Thursday, August 28, 2008

A Passion Redeemed

Take a trip with me down memory lane, if you will. In the fall of 1981, Mrs. Eileen Ehlers was assigned to be my third grade teacher. I was extremely nervous about the placement. Mrs. Ehlers seemed ancient, and she looked very much like Aunt Hilda from Sabrina the Teenage Witch (the comic book, not the TV series). Playground whispers gave her a strict personality to match. All twenty or so of us 8-year-olds entered her classroom with a combination of dismay and fear. Mrs. Ehlers dressed very neatly in two piece suits with blouses that had big bows at the collar, and her voice was an unusual gravelly quaver that brooked no argument or foolishness. We all sat a little straighter in our chairs and lived every day in fear of when her temper would strike.

Everything changed one day over a spelling exercise. Mrs. Ehlers sat at the front of the classroom behind a C-shaped desk and corrected papers from there. On this day, she called each of us to the front of the class to correct our papers individually as we stood next to her. She didn't announce our grade to the class, but the expression on her face made it clear that no one was doing well. As she worked her way through the papers, her face grew redder with anger. No one had gotten 100%, and she was extremely disappointed in us. We went up in alphabetical order. As Christina Trever, I was at the tail end of the list. I glanced around the classroom, looking at my friends faces, red with shame and staring down at their desks. Those who had yet to be called squirmed in fear and twitched their papers back and forth. I looked down at my paper searching for any mistakes, even though it was too late to correct them. Somewhere around the Ns, Mrs. Ehlers announced that if anyone got 100% she would dance a jig with them. A few nervous twitters died quickly. Finally, she called my name, and my classmates looked up at me in hope. I was known for my spelling ability, but I could hardly swallow, I was so nervous.

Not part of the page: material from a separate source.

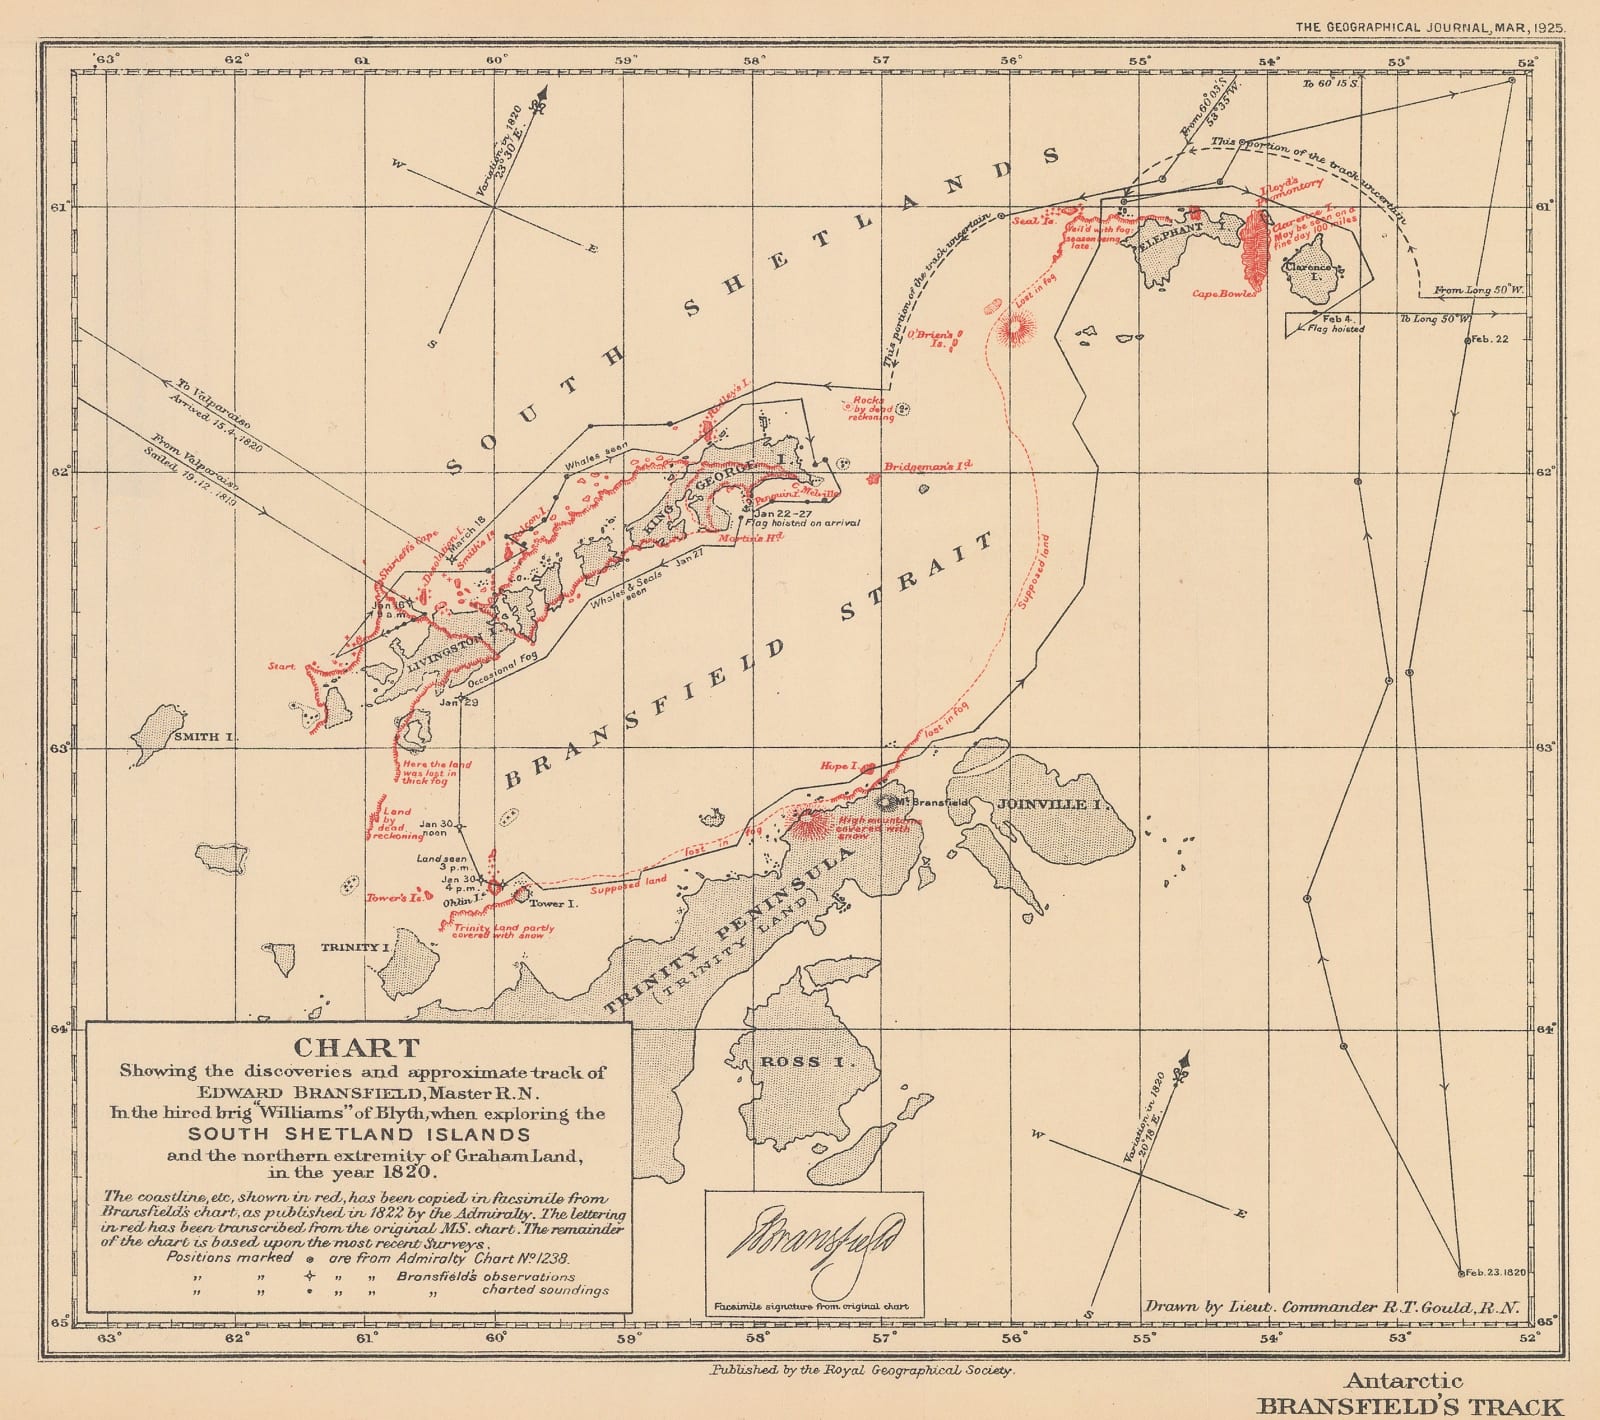 Royal Geographical Society (RGS), Chart Showing the discoveries and ...

What happened next only comes back to me in brief, bright images. A bright red 100% written across my paper, whirling around the room with my very proper teacher while she smiled and the whole room exploded into laughter. After a few turns around the front of the classroom, she smoothed out her skirt and returned to her desk, and I returned to mine. My ears so flaming red with embarrassment that the laughter continued. Poor Renae Westenberger's 100% didn't merit equal celebration, but something had been irrevocably changed in our classroom that day. Mrs. Ehlers was still strict and demanding, but we had seen that she also laughed and danced! She was human, and we (most of us anyway) came to love her. The same students who had lived in fear of Mrs. Ehlers defended her hotly in the playground to attacks from other kids.

She passed away when we were in high school, and we sent flowers to the funeral in honor of a woman who had taught us that appearances can be deceiving. It was my first lesson in don't judge a book by its cover. Proverbs 31:30 teaches: Charm is deceptive, and beauty does not last; but a woman who fears the Lord will be greatly praised.

A Passion Redeemed by Julie Lessman is the second book in the Daughters of Boston series. Charity O'Connor is still living in Ireland with her grandmother and great-grandmother, despite the rest of her family's return to Boston at the end of the previous book. She has set her sights on Mitch, her older sister's former fiance, but he wants nothing to do with the woman who destroyed his engagement and lied to him. Charity's not going to let a little thing like Mitch's feelings get in the way of what she wants, and she's willing to do anything to make him hers. Lessman had a bit of a challenge when writing this sequel that revolves around Charity, Faith's younger sister. Charity abused Faith horribly in the first book and did so without any compunctions whatsoever, so I had no sympathy for Charity, and honestly, I didn't like her at all. Charity lies and manipulates those who love her, without ever considering the consequences. I wanted to smack her more than once. It is to Lessman's credit that by the end of the book, I empathized with Charity and was glad to see her get her happy ending. Lessman writes deep drama and romance without being melodramatic, but her greatest strength is in her victory in reclaiming sex as a gift from God. Sex has gotten a bad rap, and society tends to think that Christians don't like it or approve of it. But sex, within marriage, is a wonderful gift from the Lord, and the passion between the elder O'Connors, as well as Faith and her husband, is fiery and absolutely wonderful. I can't wait to see what will happen in the next book!